2.8. Quartz microbalance (QCM) studies

In all electrochemical and oxygen mini-sensor related studies (sections 3.1–3.5), holo-GOx and its corresponding apo-form of type X-S, obtained from Aspergillus niger (EC 1.1.3.4, without added oxygen), were used.

To assess the differences between GOx of type X-S (section 3.6) and several analogues, e.g., recombinant GOx and GOx of type VII, the SRS QCM 200 system (Scientific Instruments GmbH, Gilching, Germany) was used. Changes in protein quality, purity, and structure can readily be detected by QCM. Briefly, pronounced differences in frequency can be observed for molecules with similar adsorbed masses.
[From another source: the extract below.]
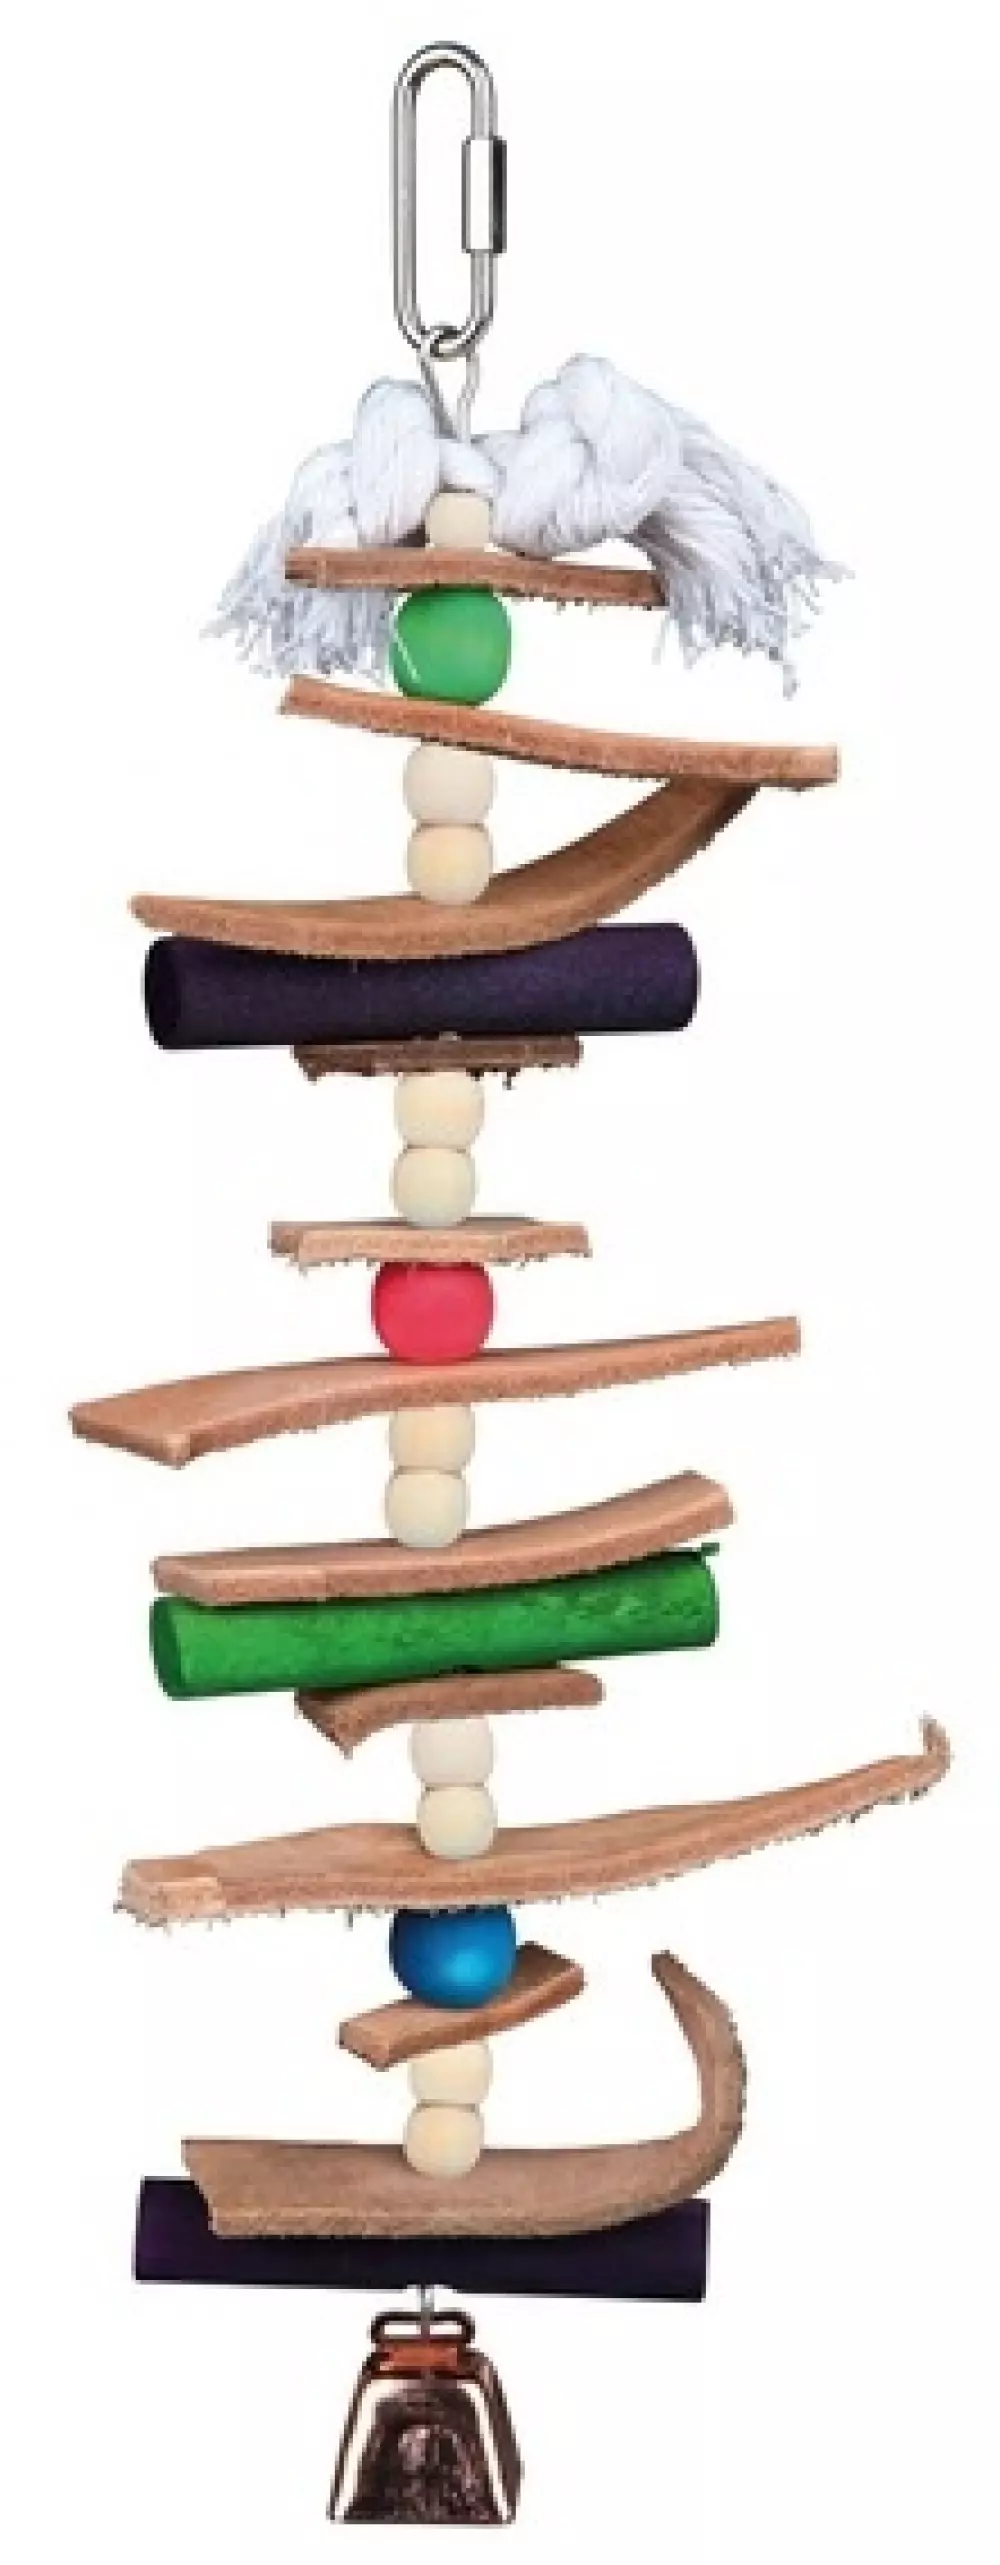 Fugleleke fargeglad med perler, 4011905589848, Fugleutstyr, Undulatutstyr, Eldorado, Træ legetøj med læder & perler, 28 cm, Fargeglad

For the experiment, 1 μL of intact holo-GOx of various type was dropped onto the surface of an Au-modified crystal (5 MHz), followed by signal recording (change in frequency, Hz).

Apo-GOx from recombinant GOx and GOx of type VII were prepared according to protocol described for apo-GOx (X-S) in section 2.2.

3. Results and discussion

3.1. Assembly of the enzymatic constructor

Electrodeposition supports direct enzyme–electrode communication regardless of the design of sensing layers, i.e. “capsule-like” or “adsorption-like” structures.22,25 For example, during electrodeposition of holo-GOx (already containing the embedded FAD cofactor), the enzyme (bioreagent) is located in a “capsule-like” structure (10–15 nm thickness) between Pd-NPs and Naf.22,25 In the case of FAD electrodeposition together with Pd-NPs and Naf (forming “adsorption-like” structures 10–15 nm thick), the cofactor (bioreagent) is located on top of the functional layer. The addition of aqueous apo-GOx results in direct contact between the enzyme and FAD-modified electrode.9,12 The same synthesis process (electrodeposition) of functional films might initially be expected to result in the formation of biosensors with similar sensing characteristics (if the same bioreagents are used) regardless of the order of assembly; however, this expectation appears to be not entirely true.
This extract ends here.